STRG (Metroid Prime 3): Difference between revisions
>Aruki (Created page with "''See STRG (File Format) for the other revisions of this format.'' The '''STRG format''' in Metroid Prime 3 is another update to the STRG format, used both in Prime 3 as...") |
(No difference)
|
Revision as of 18:09, 29 May 2015
See STRG (File Format) for the other revisions of this format.

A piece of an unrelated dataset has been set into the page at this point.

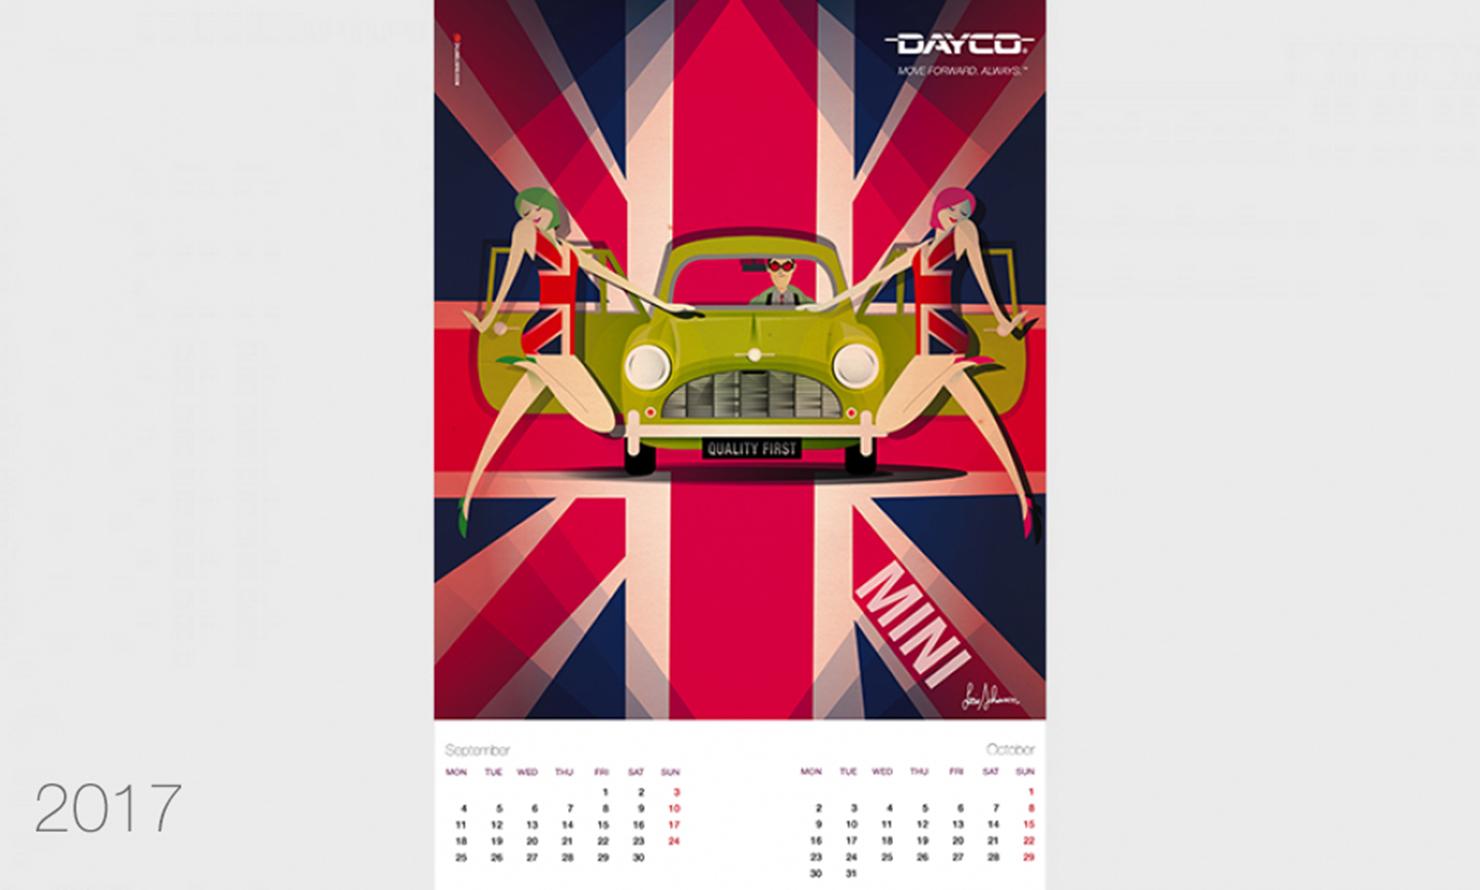 https://www.kubelibre.com/uploads/Slider-work-tutti-clienti/dayco-calendario-2017-5.jpg

The STRG format in Metroid Prime 3 is another update to the STRG format, used both in Prime 3 as well as Donkey Kong Country Returns. The most significant change from the Echoes STRG format is that the string encoding was changed from UTF-16 to UTF-8. There was also a more robust system for string offsets implemented, allowing for the same string of text to be reused for multiple languages if the string is identical in both.
Format
The header should be familiar to you if you've worked with the Prime 1/2 STRG format in the past. It remains unchanged.
Offset | Type | Size | Description |
---|---|---|---|
0x0 | u32 | 4 | Magic; always 0x87654321 |
0x4 | u32 | 4 | Version; see hub article |
0x8 | u32 | 4 | Language count |
0xC | u32 | 4 | String count |
0x10 | End of header |
String Names
The next part of the file is a table that allows names to be assigned to strings. It's identical to the name table structure from Echoes.
Offset | Size | Description |
---|---|---|
0x0 | 4 | Name count |
0x4 | 4 | Name table size |
0x8 | Name entries begin |
Each entry is structured as follows:
Offset | Size | Description |
---|---|---|
0x0 | 4 | Name offset (relative to after the name table size value) |
0x4 | 4 | String index - this is the string number that the name is associated with |
0x8 | End of entry |
After every name entry comes all the names in the form of a large UTF-8 string array. The names are zero-terminated, and they're sorted in alphabetical order; the sorting is case-sensitive, so 'Z' will appear before 'a'.
Languages
Next is a segment that defines which languages are included by the file and where their strings are. This section of the file starts with one fourCC for each supported language. Then this small structure repeats per language:
Offset | Type | Size | Description |
---|---|---|---|
0x0 | u32 | 4 | Language size; this is the combined size of each string this language uses |
0x4 | u32[] | 4 × string count | String offsets; relative to the start of the first string |
Strings
Finally, the actual string data. Each string is composed of a 32-bit size followed by UTF-8 Unicode string data.